[DATASET EXCERPT Boundary: Start]
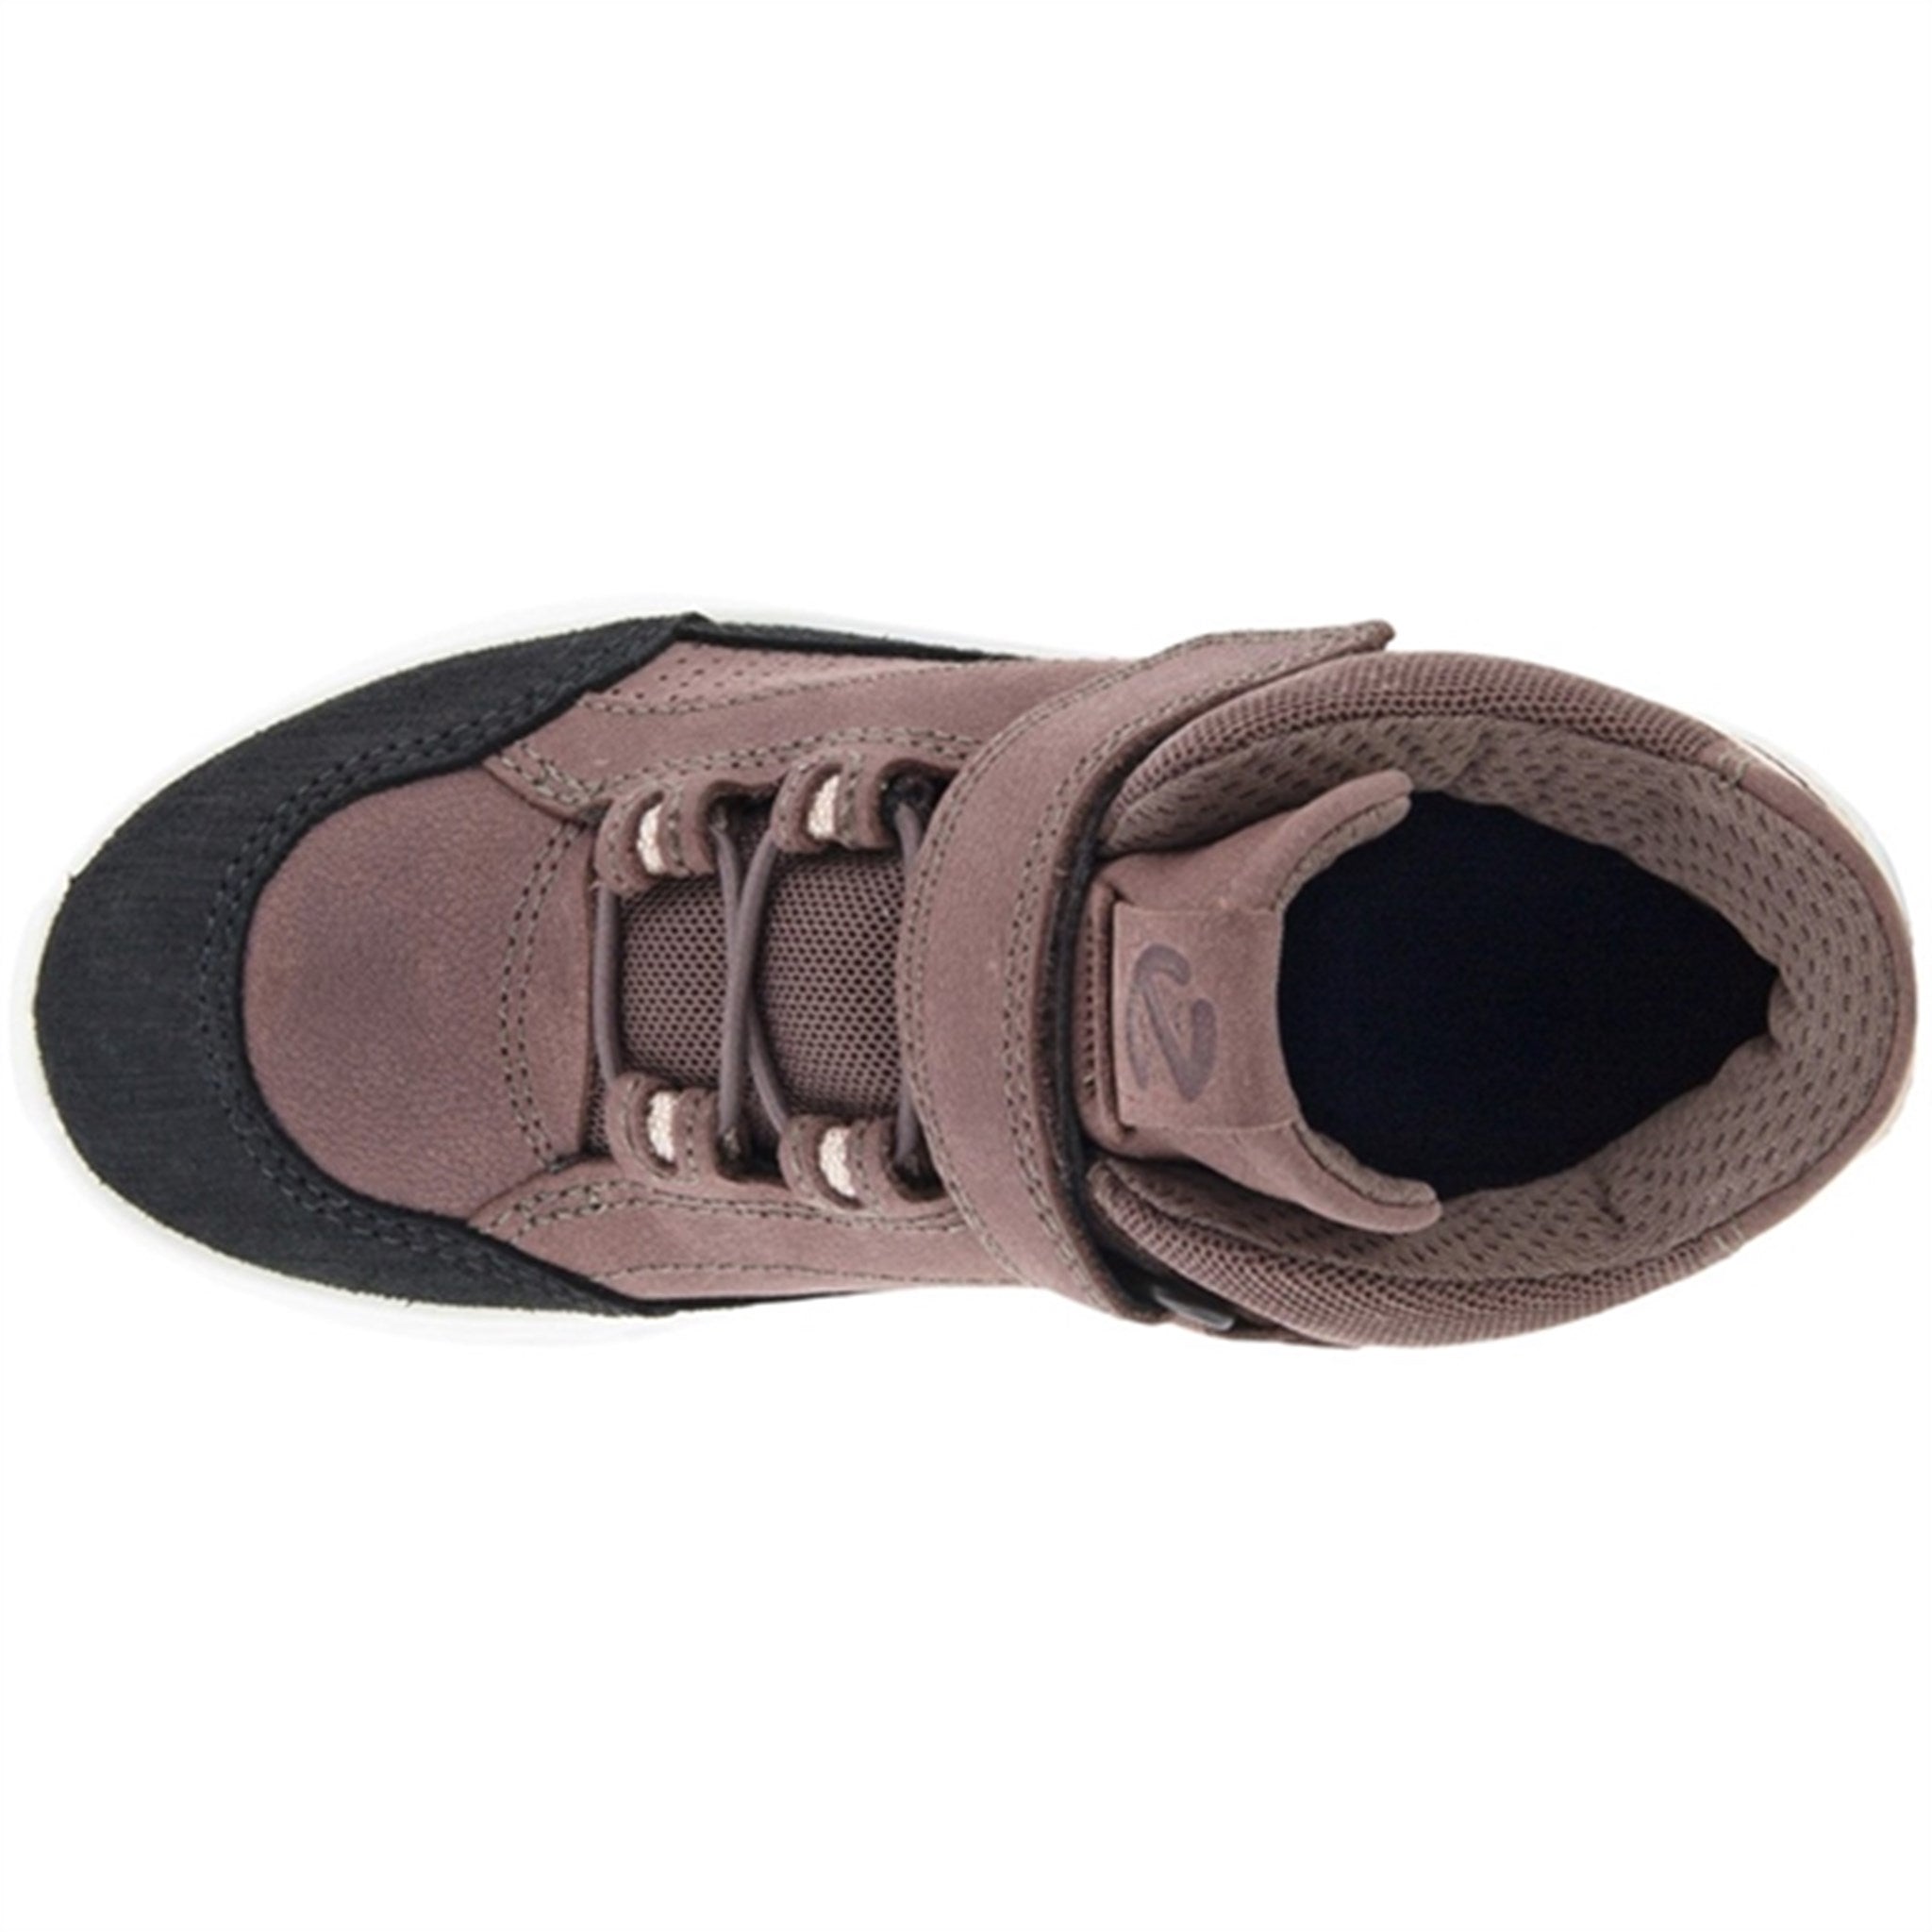 Ecco Exostrike Velcro Ankle Boot Black/Dusty Purple 5
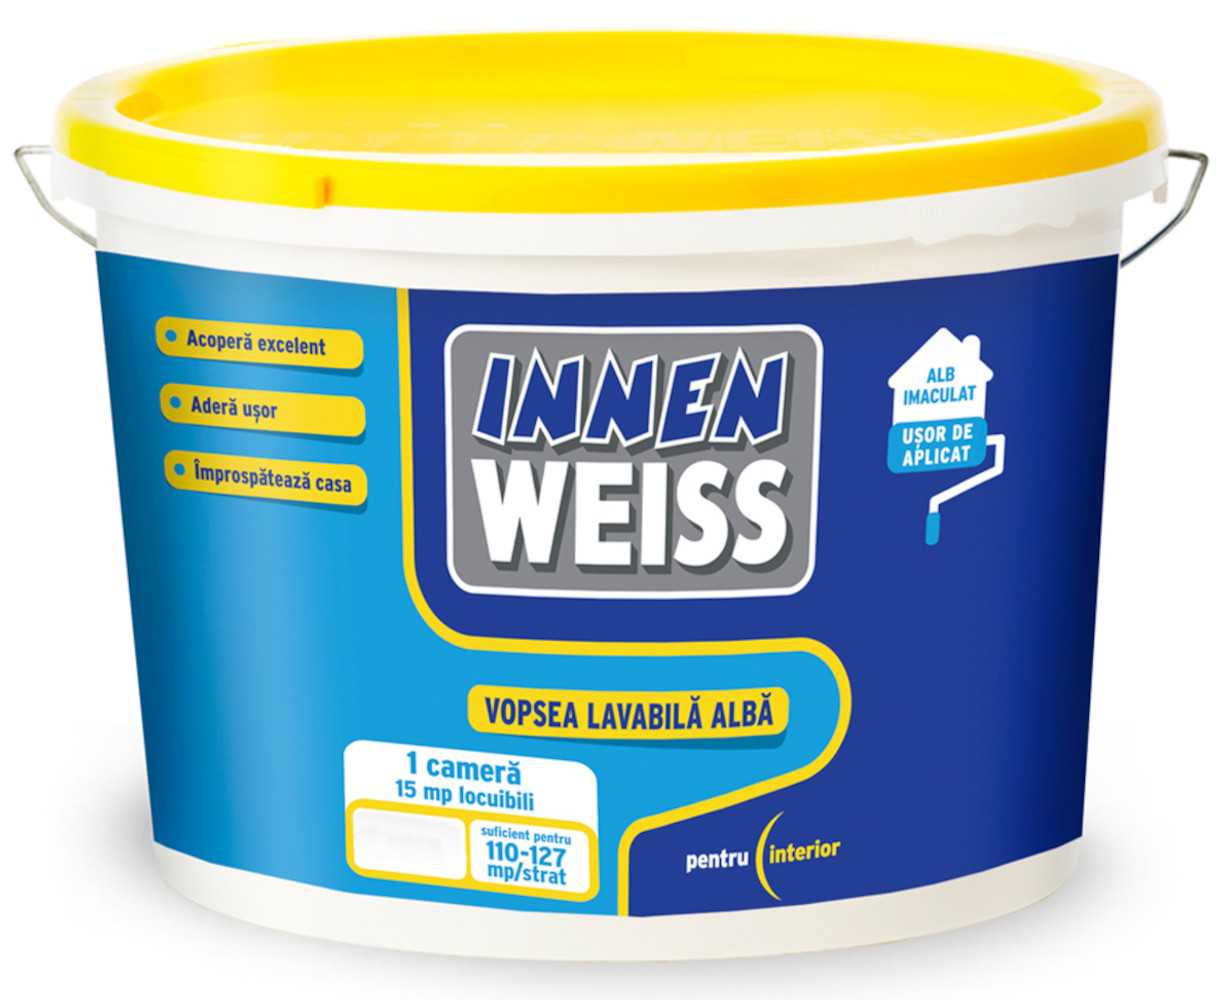 Vopsea lavabila alba interior, Innenweiss, 8.5 L
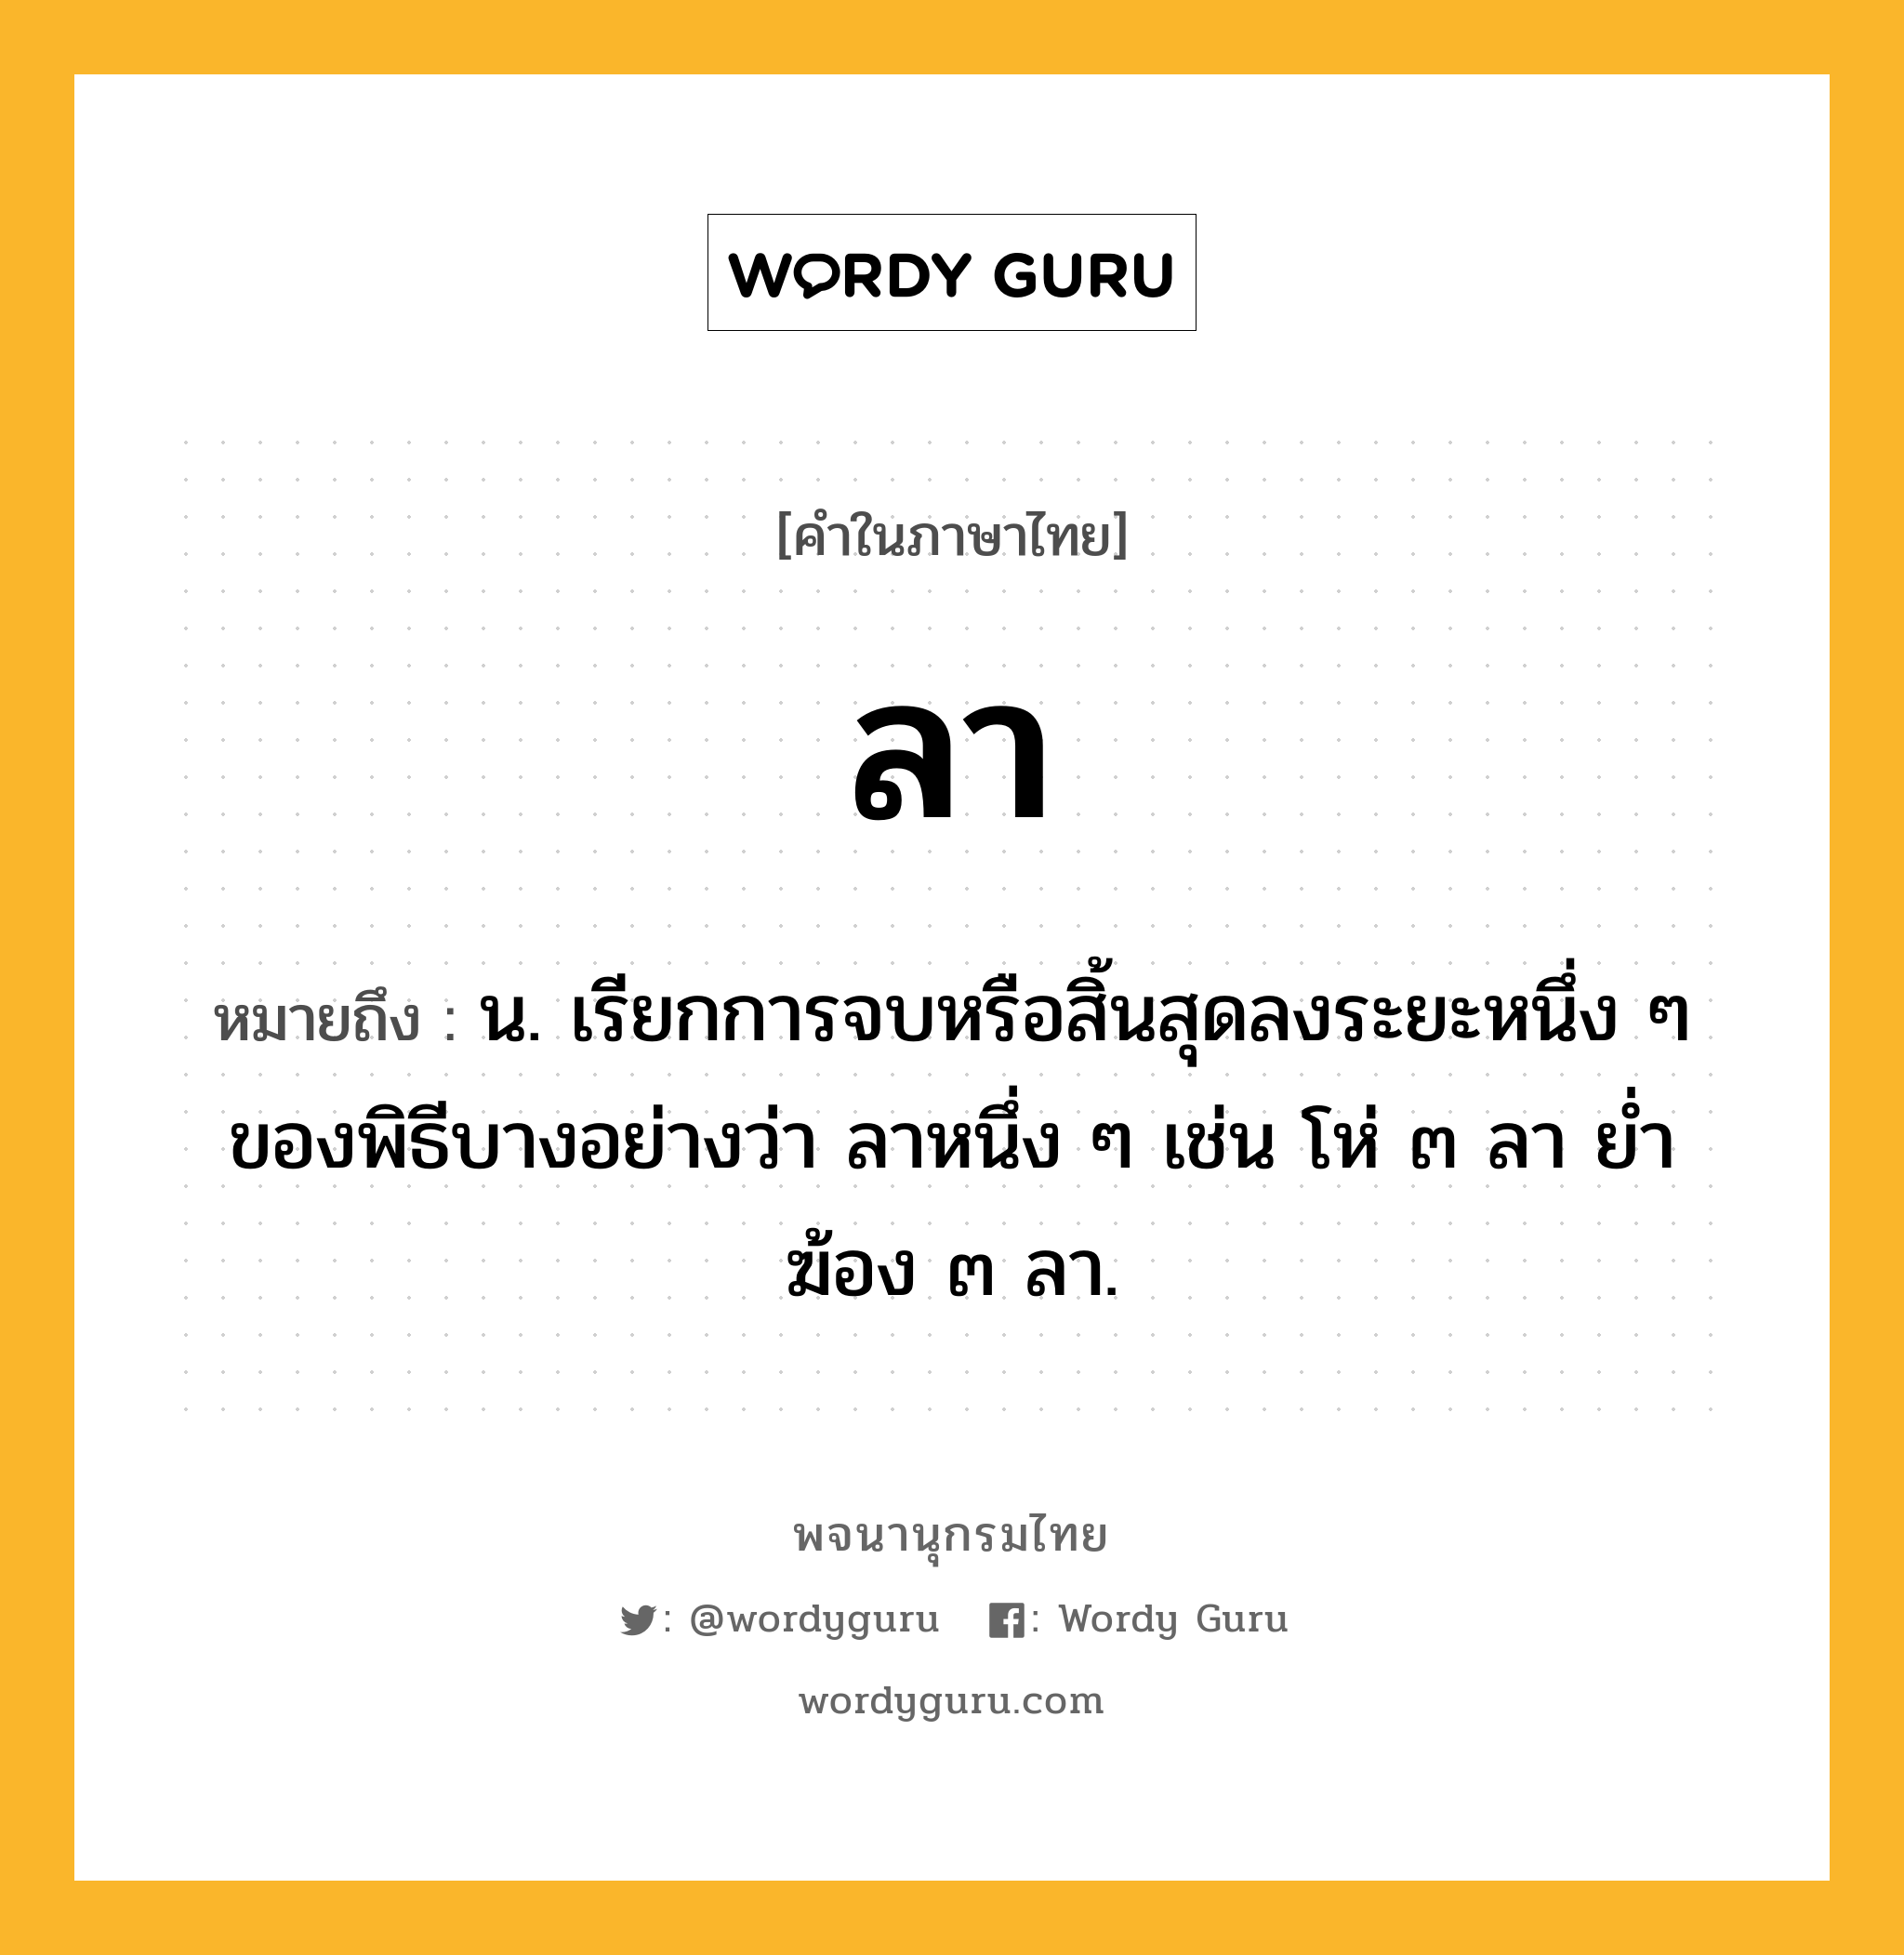 ลา ความหมาย หมายถึงอะไร?, คำในภาษาไทย ลา หมายถึง น. เรียกการจบหรือสิ้นสุดลงระยะหนึ่ง ๆ ของพิธีบางอย่างว่า ลาหนึ่ง ๆ เช่น โห่ ๓ ลา ยํ่าฆ้อง ๓ ลา.
[DATASET EXCERPT Boundary: End]
WHAT THE TASK REQUIRES: All of the lines above should be printed exactly, minus the pictures.

SOLUTION:
 Ecco Exostrike Velcro Ankle Boot Black/Dusty Purple 5
 Vopsea lavabila alba interior, Innenweiss, 8.5 L
 ลา ความหมาย หมายถึงอะไร?, คำในภาษาไทย ลา หมายถึง น. เรียกการจบหรือสิ้นสุดลงระยะหนึ่ง ๆ ของพิธีบางอย่างว่า ลาหนึ่ง ๆ เช่น โห่ ๓ ลา ยํ่าฆ้อง ๓ ลา.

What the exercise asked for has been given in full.